If a client attempts to access a protected endpoint or execute a tool without a valid JWT token when AUTH_ENABLED is true, the server returns a 401 Unauthorized response with the following headers:

  • WWW-Authenticate: Points the client to the metadata endpoint using the resource_metadata parameter.
  • Link: A rel-link pointing to the metadata location.

Example response headers:

http
HTTP/1.1 401 Unauthorized
WWW-Authenticate: Bearer resource_metadata="http://localhost:3000/.well-known/oauth-protected-resource"
Link: <http://localhost:3000/.well-known/oauth-protected-resource>; rel="oauth-protected-resource"

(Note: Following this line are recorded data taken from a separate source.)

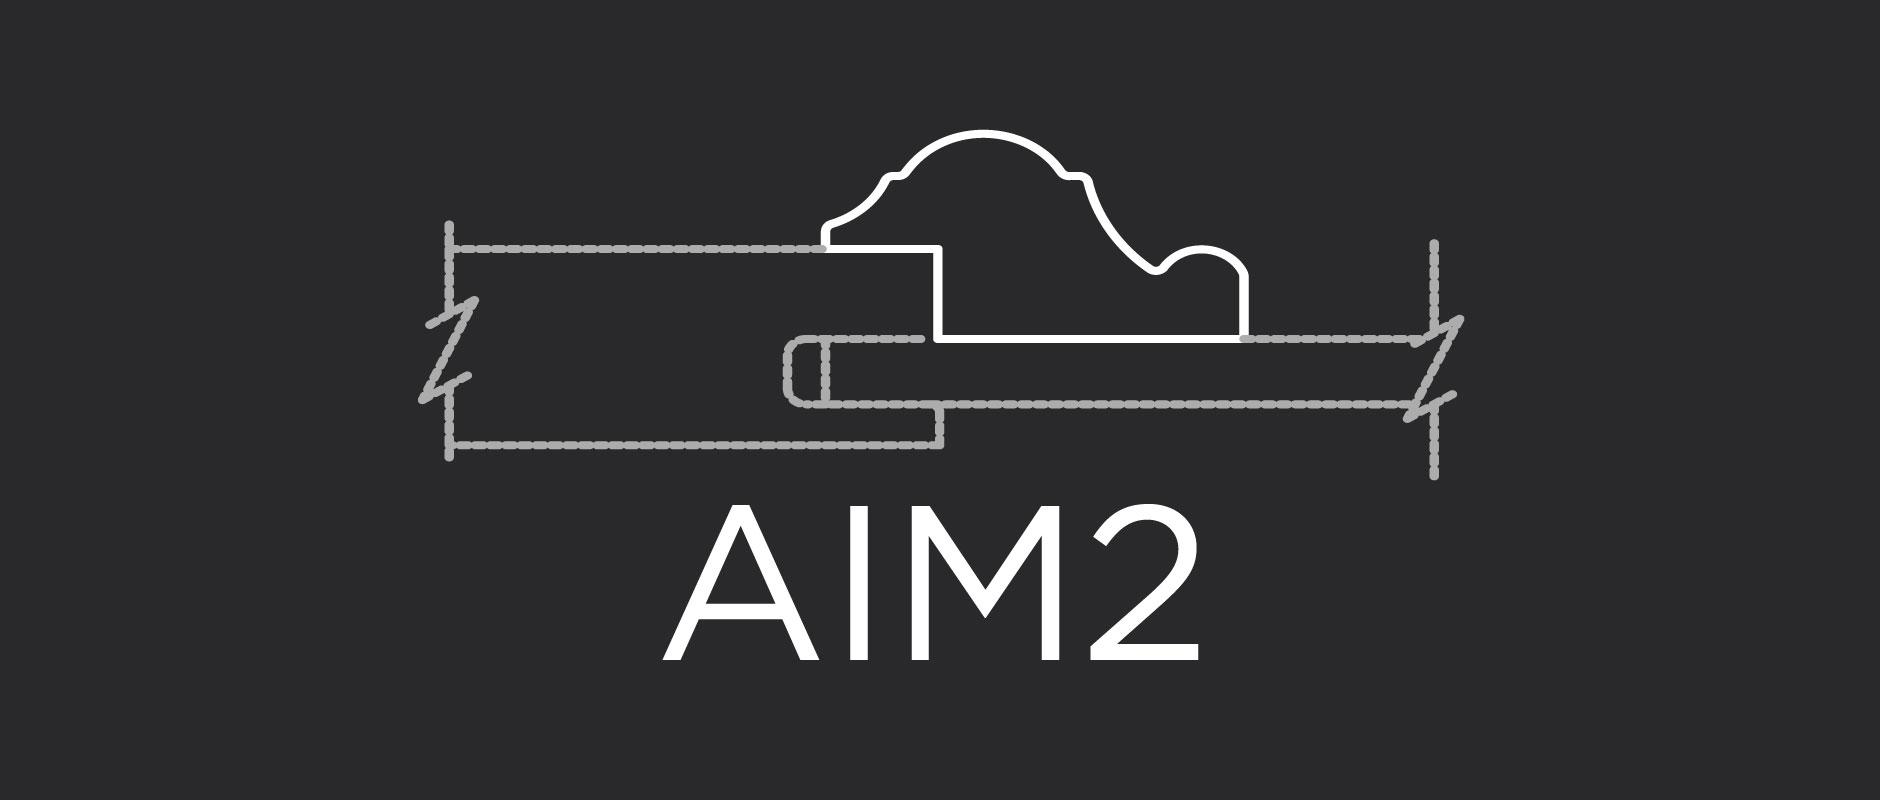 AIM2 inside-edge applied molding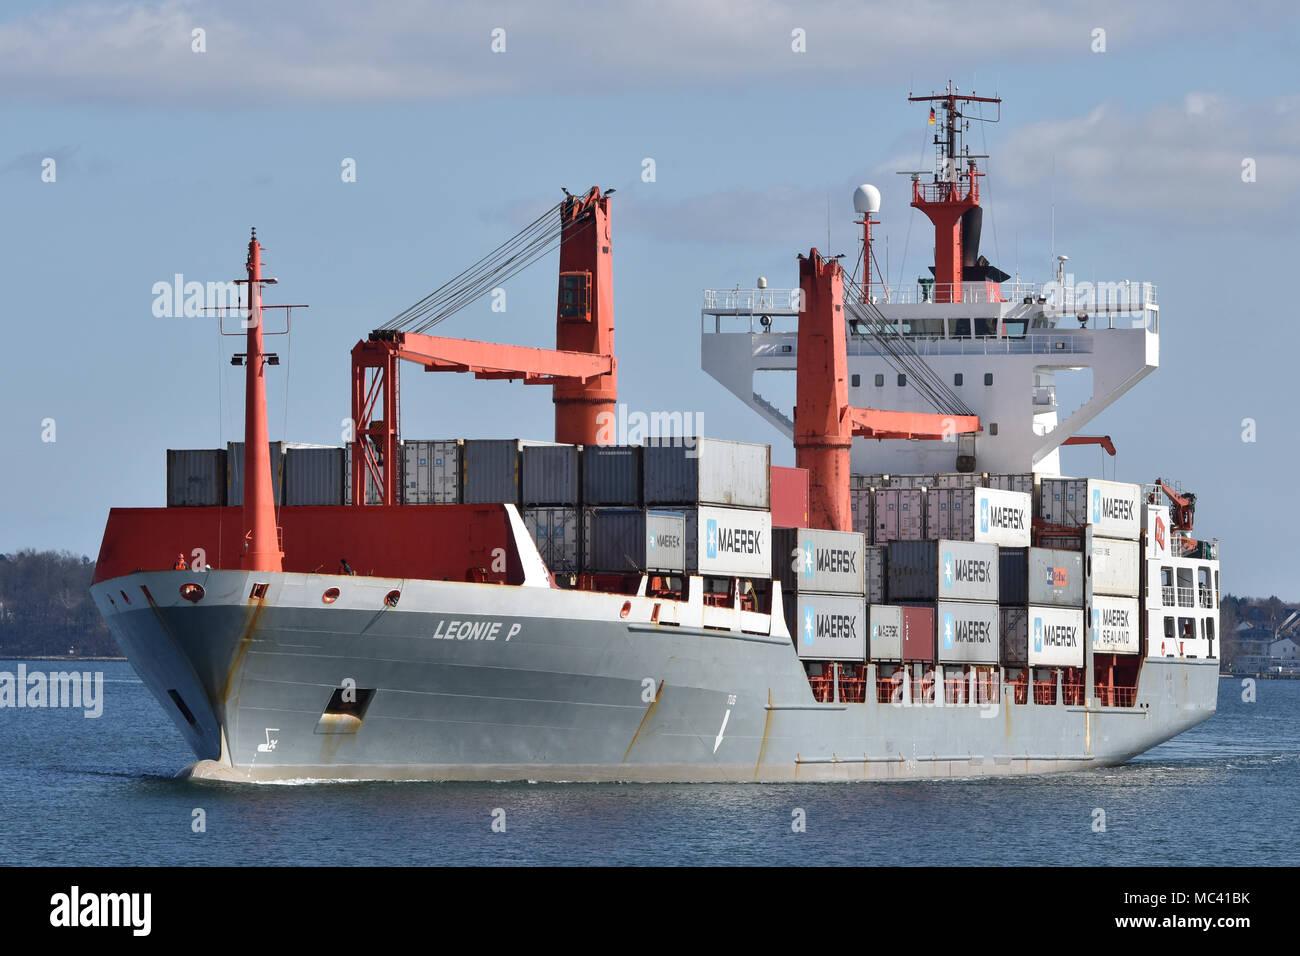 Feedervessel Leonie P entering the Holtenau locks (Kiel Canal) - Stock Image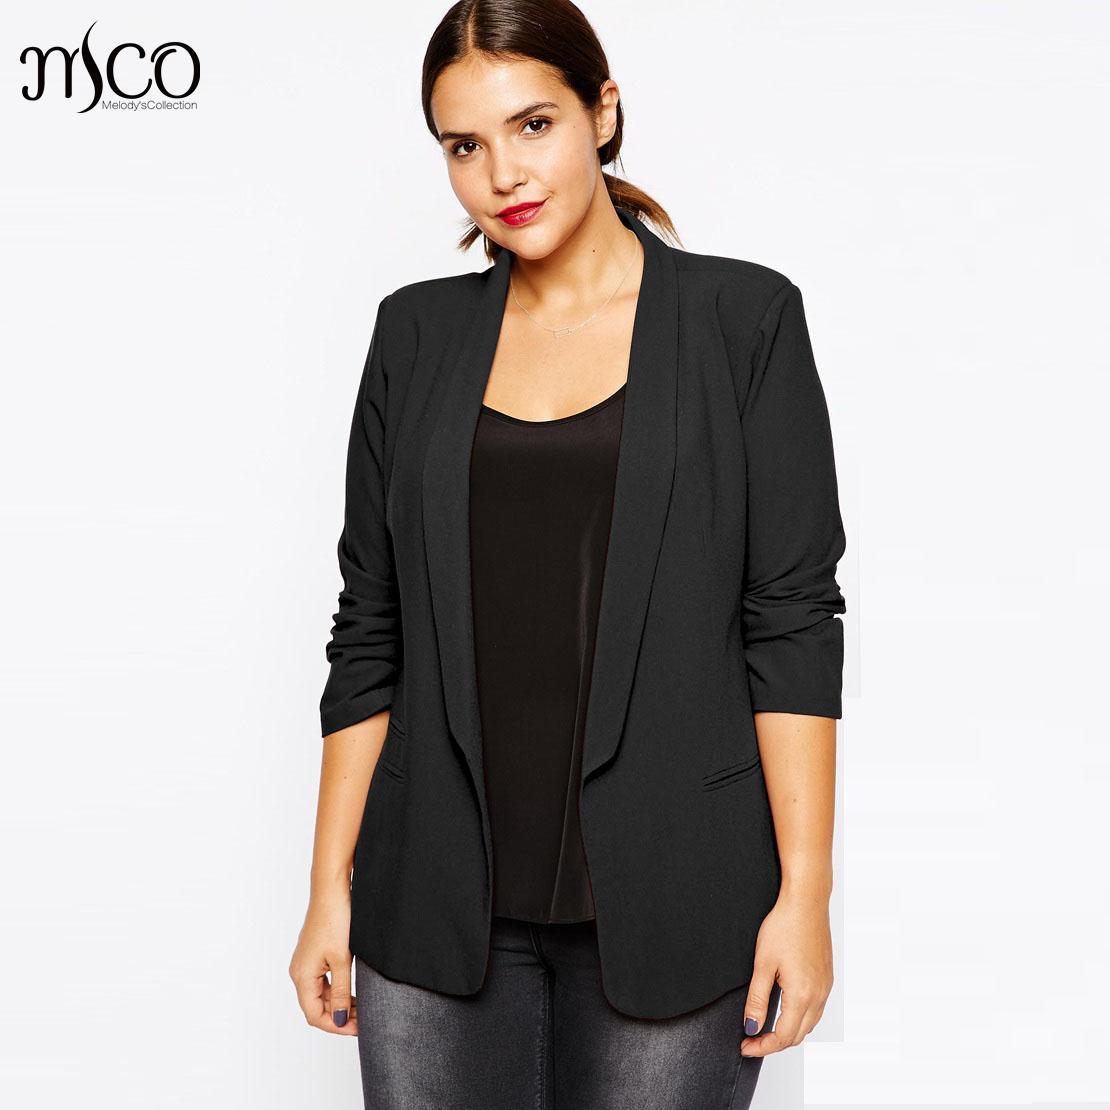 High Quality Classic Slim Lapel Linen Office Blazer feminino Basic Plus Size Textured Tailored Women Jackets and Blazers 6XL 7XL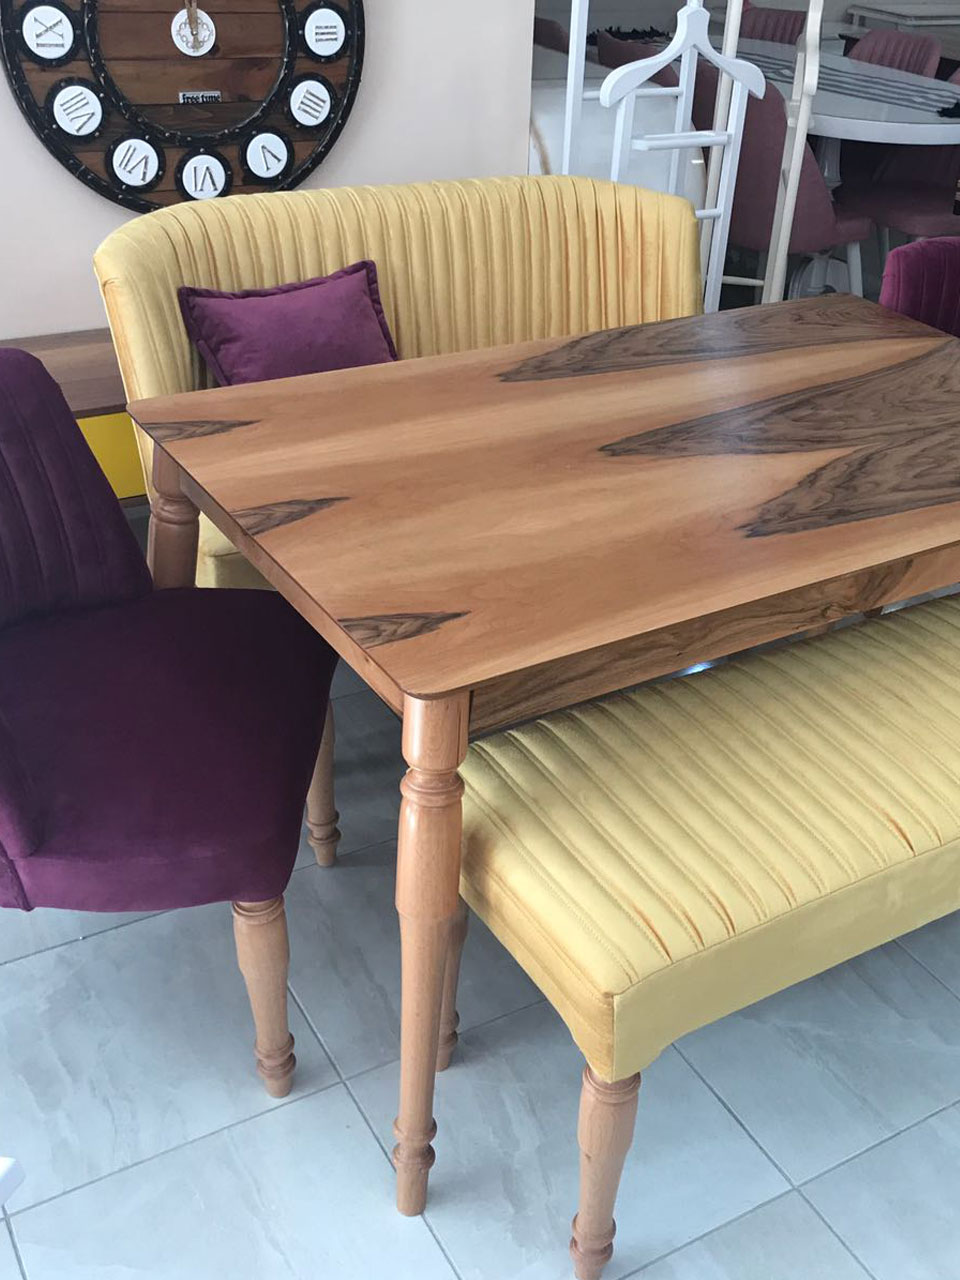 Mutfak masalari deal aksesuar for Ideal mobilya corbeil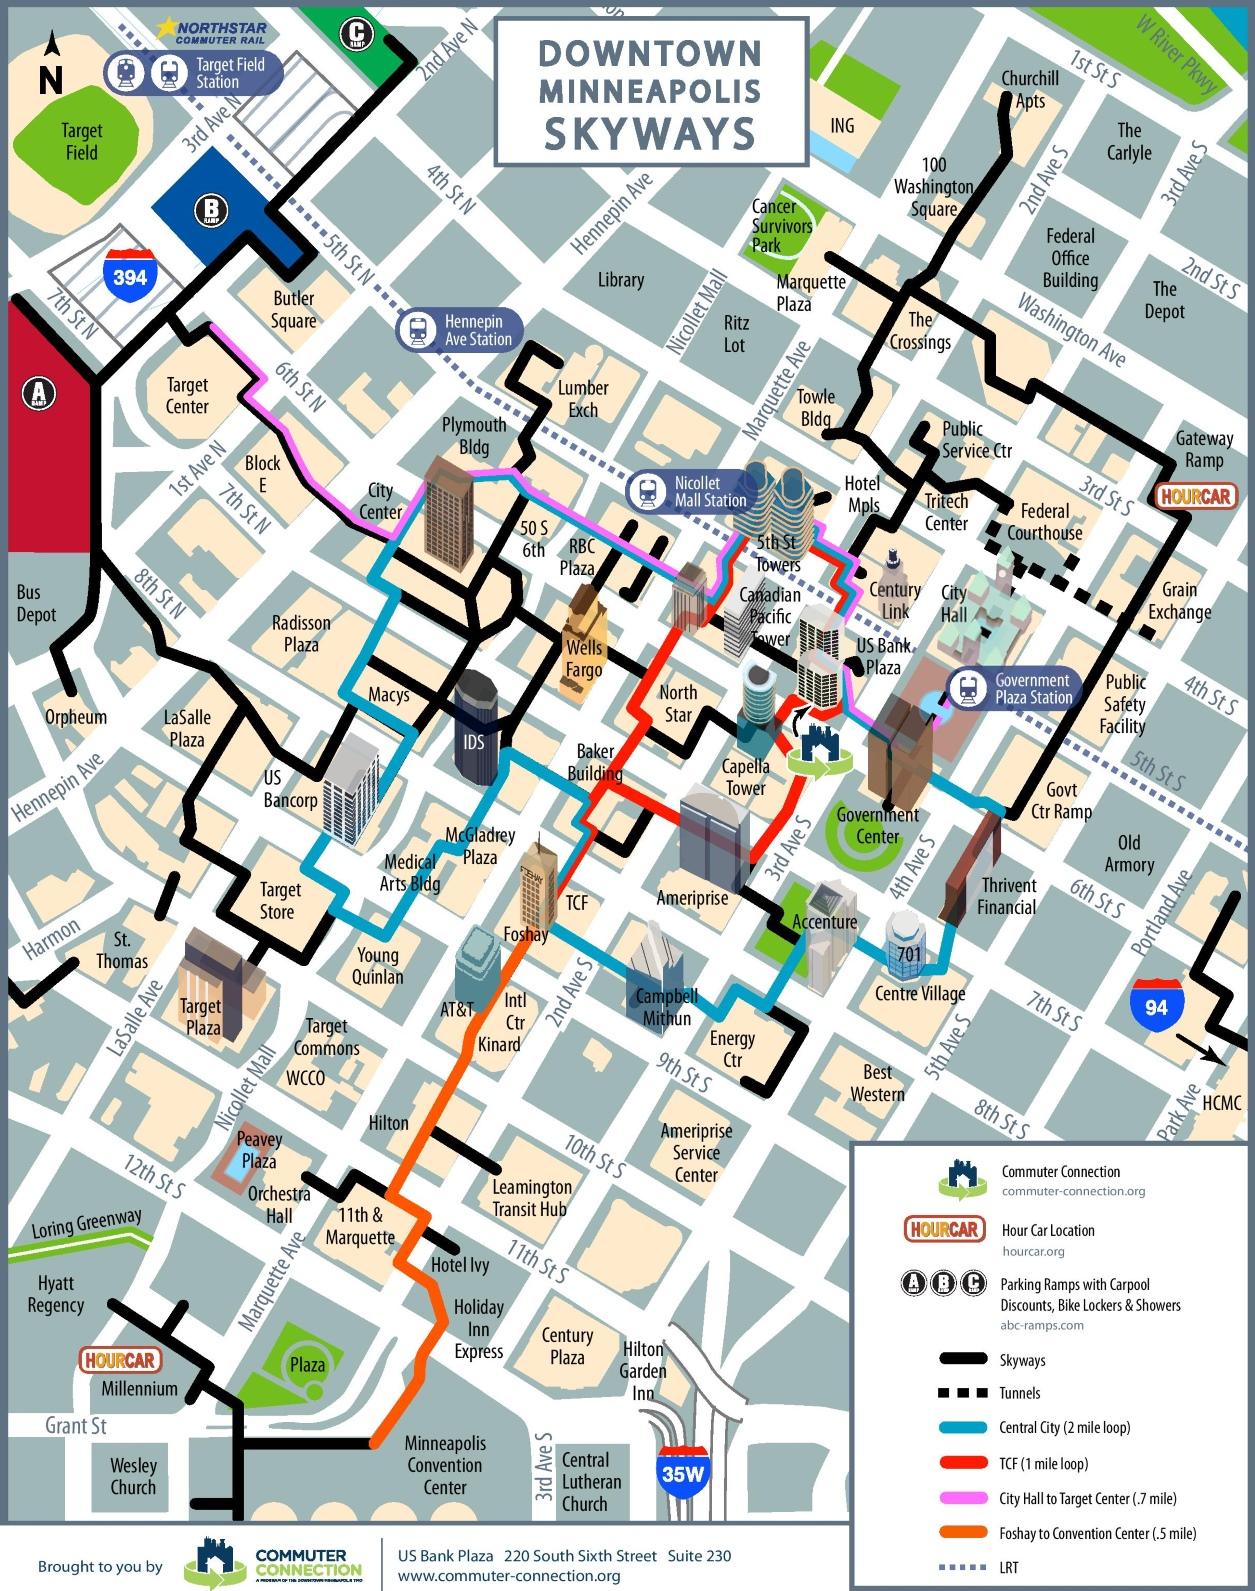 Mpls Skyway Map Minneapolis skyway map Mpls Skyway Map

The reverse routing proxy handles browser authentication using a token-to-cookie bootstrap mechanism:

1. Token Bootstrapping on First Access

Standard browser links (<a> tags) and <iframe> sources do not support setting custom Authorization HTTP headers. When opening a workspace, the dashboard appends the active JWT token to the URL:

http://localhost:3000/route/ws-1/?token=<JWT>

The reverse proxy validates this token, allows access to the pod, and immediately issues a path-scoped, secure session cookie:

http
Set-Cookie: nocr_token=<JWT>; Path=/route/ws-1/; SameSite=Lax; HttpOnly; Max-Age=<ttl>

The Max-Age is dynamically derived from the JWT's exp claim (remaining seconds until expiry), falling back to the PROXY_TOKEN_COOKIE_TTL environment variable (default: 86400 seconds / 24 hours). Subsequent requests (loading JS, CSS, images, or opening WebSockets) automatically transmit the cookie.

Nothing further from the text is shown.